Kuyu

Kuyu, Catherine Chanter’ın ilk kitabı, ilginç olan yanı ise daha yayımlanmadan ödül alması.

Ruth ve Mark orta yaşlı bir çift ve Londra’da mutlu mesut yaşıyorlarken, Avukatlık yapan Mark’ın çocuk pornografisi videolarını saklamakla suçlanması ve yargılanması ile hayatları altüst oluyor. Mark yargılanıp temize çıkıyor ama çamur at izi kalsın hayatları cehenneme dönüyor, yakın arkadaşları da olmak üzere etraflarındaki bir çok kişi onları yalnız bırakıyor. Onlar da Mark’ın hayali olan şehir dışında bir çiftlik yani KUYU’yu alarak hayatlarının baharını cennette geçirmeye başlıyorlar. Çünkü burası kuraklık yaşayan İngiltere de neredeyse tek yağış alan arazisi. Cennet köşesi KUYU da yavaş yavaş yerleşip ekip biçmeye, kuzular almaya başlıyorlar.

Yani şehrin boğucu havasından doğaya kaçış…
Aslında kitap böyle başlıyor sayılmaz. Ruth hapisten kuraklık vs. sebeplerden ev hapsine çiftliğe gönderiliyor ve Ruth hikayeyi kendi açısından anlatmaya başlıyor. Ruth’un suçu ise beş yaşındaki torunu Lucıen’i öldürmüş olması…

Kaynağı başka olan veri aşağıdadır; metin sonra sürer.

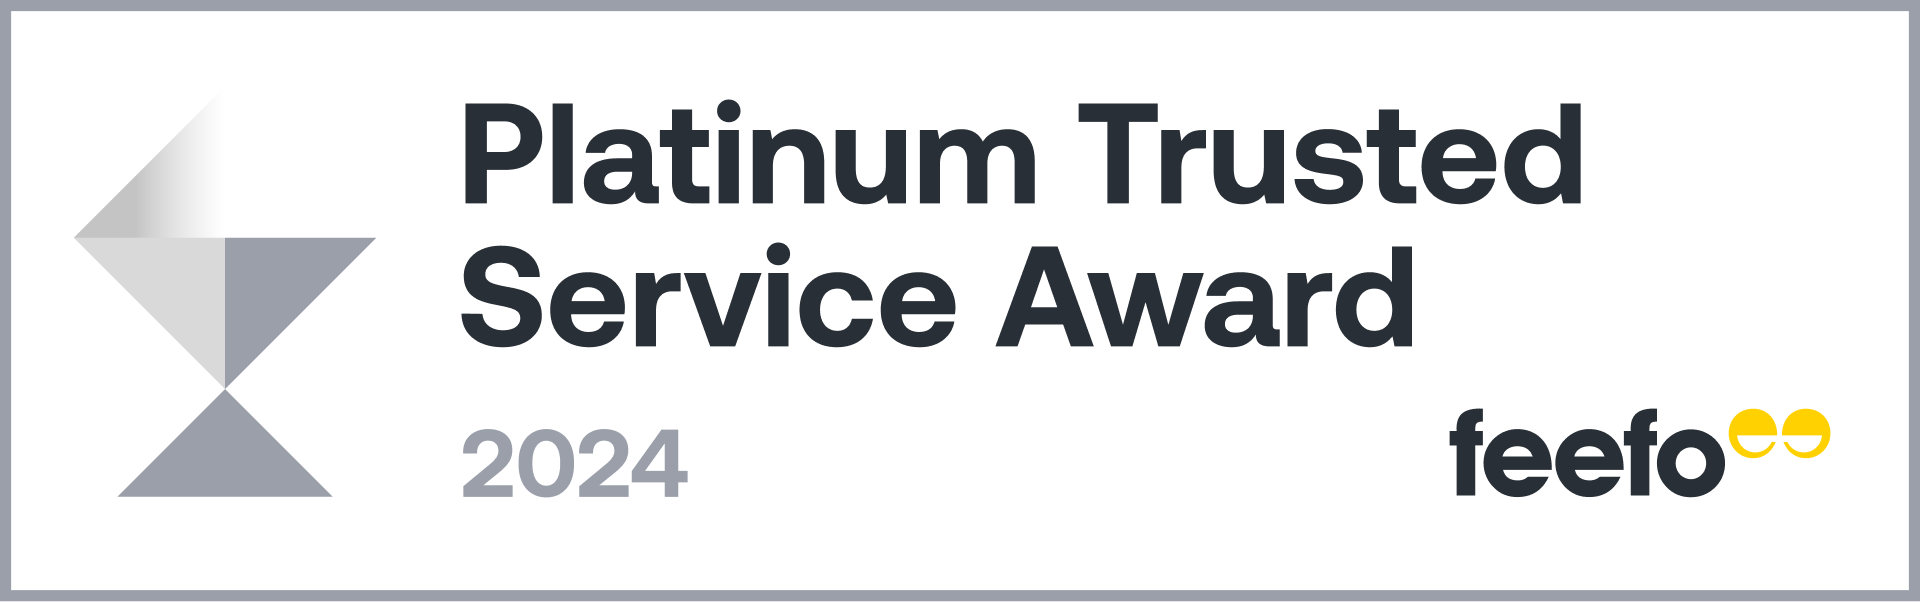 Feefo Platinium Trusted Service Award 2022

Kitap bir yere kadar sakin sessiz giderken, aniden bir gerilimin içine çekiliyorsunuz ve o andan itibaren kitabı elinizden bırakamıyorsunuz.

Ruth hikayesini anlatırken aslında kendisi bile bilmiyor Lucıen’ı öldürüp öldürmediğini. Ancak bunun farkına, daha doğrusu torununu kimin öldürmüş olabileceğini düşünmeye ve kendi küçük hapishanesinde bütün olanları araştırmaya, tek görüşmesine izin verilen rahip Hugh’un söylediği “kendi torununuzu kimin öldürdüğünü bilmemeniz korkunç bir şey…” cümlesi ile başlıyor.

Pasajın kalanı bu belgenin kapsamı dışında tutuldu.